# EXERCISE DESCRIPTION
Every line below from the one containing "Robotics Teams wins 1st at Hestec" through the one containing "Racing Optics logo" is to be printed exactly, with the pictures omitted.

# MATERIAL PROVIDED

........

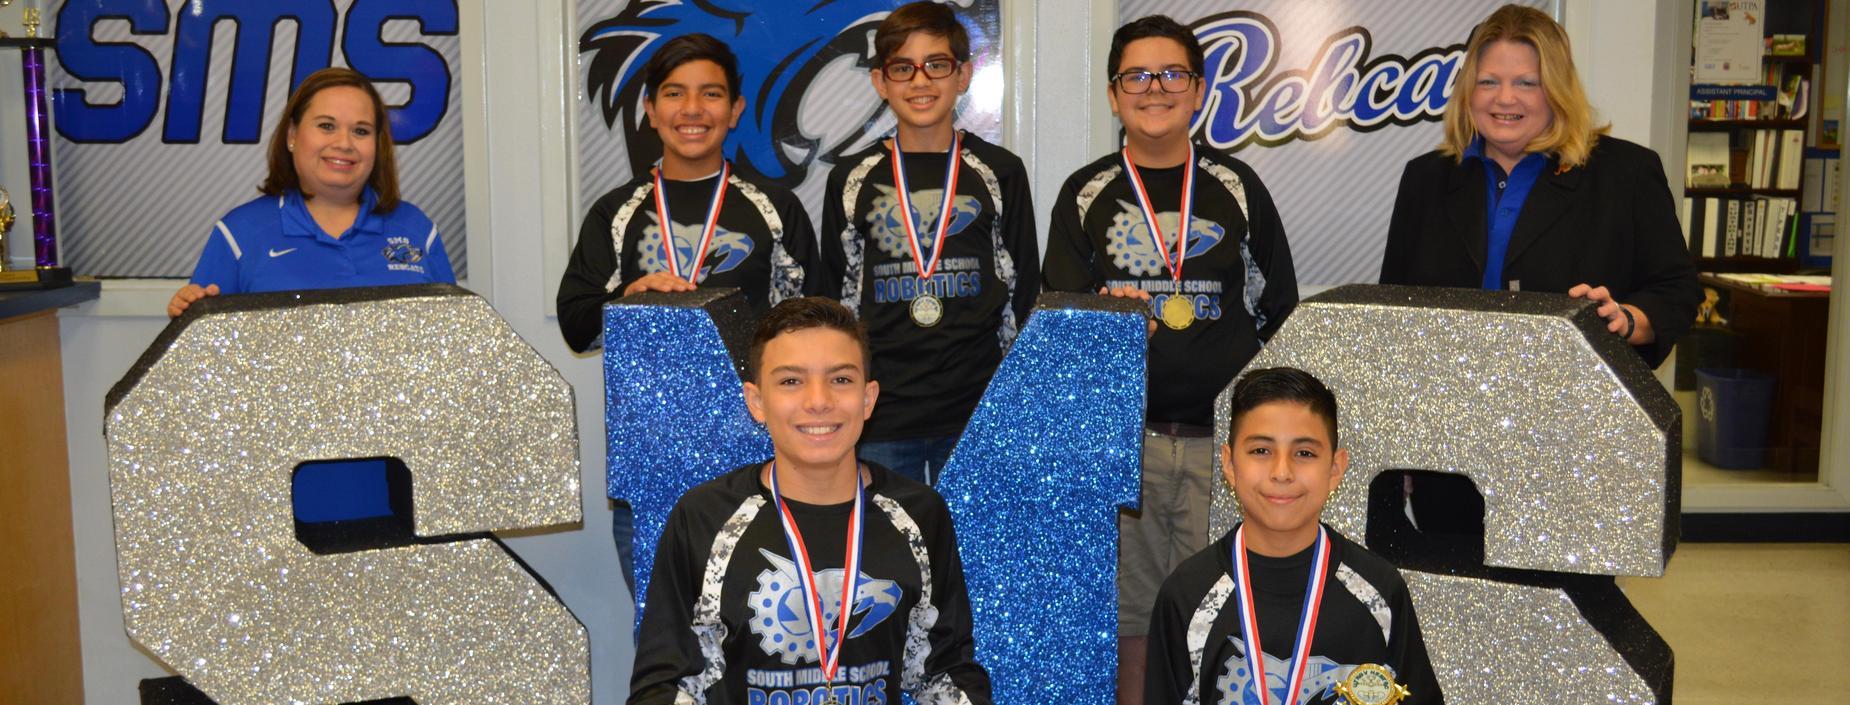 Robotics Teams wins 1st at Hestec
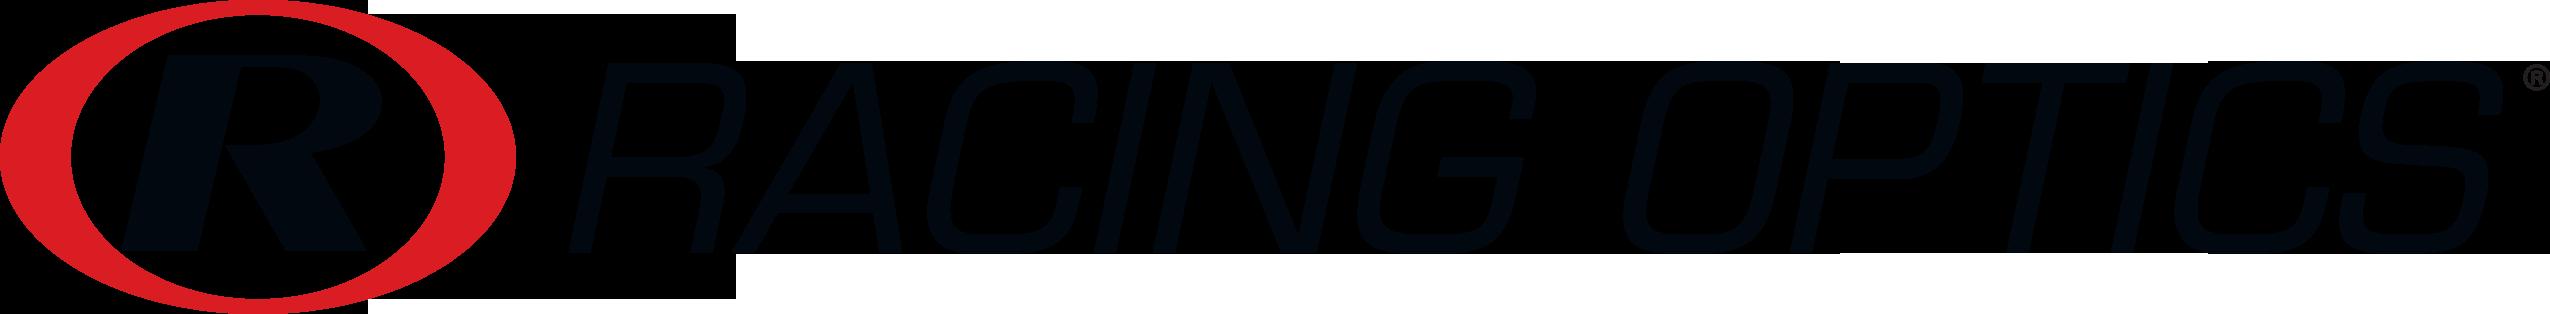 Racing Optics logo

........

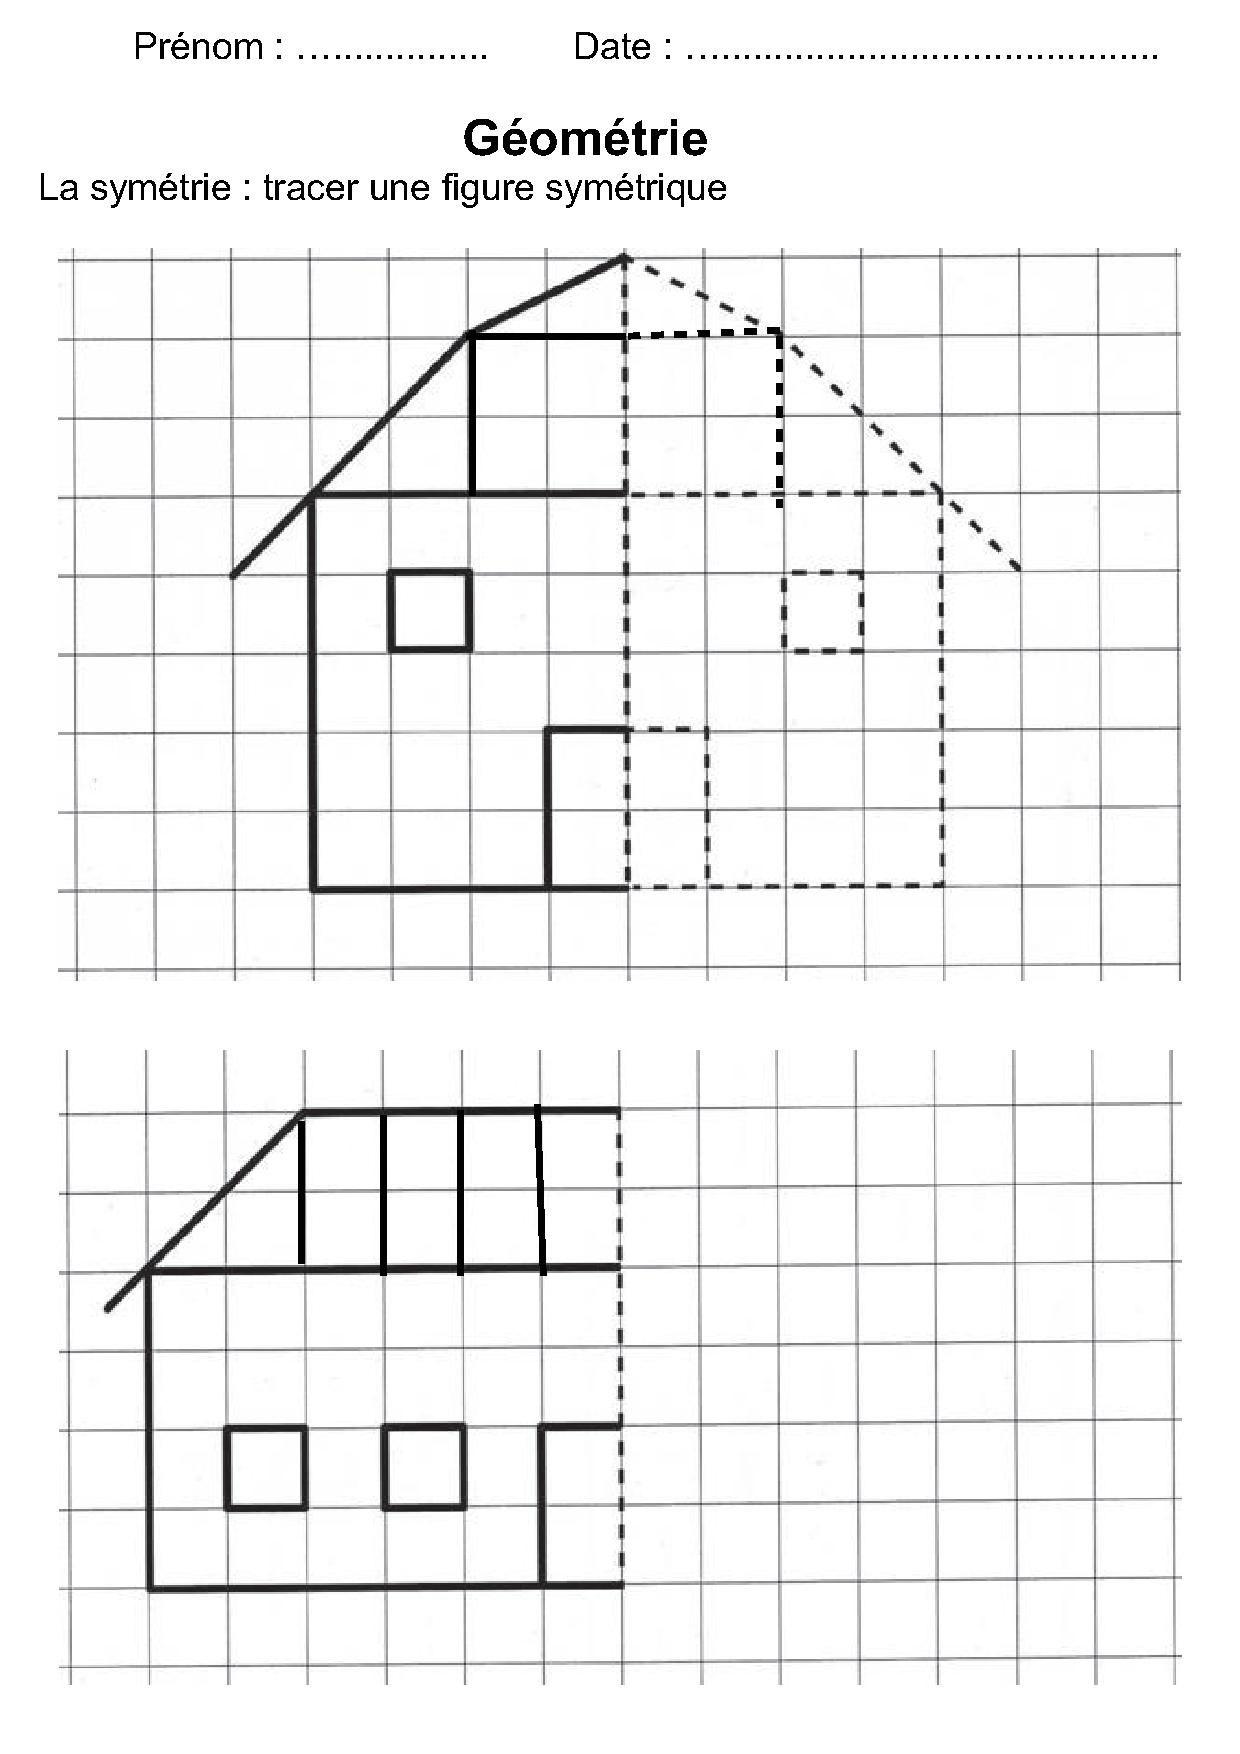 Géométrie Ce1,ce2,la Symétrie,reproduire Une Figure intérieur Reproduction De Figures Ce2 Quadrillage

........

# ANSWER TO THIS PROBLEM
 Robotics Teams wins 1st at Hestec
 Racing Optics logo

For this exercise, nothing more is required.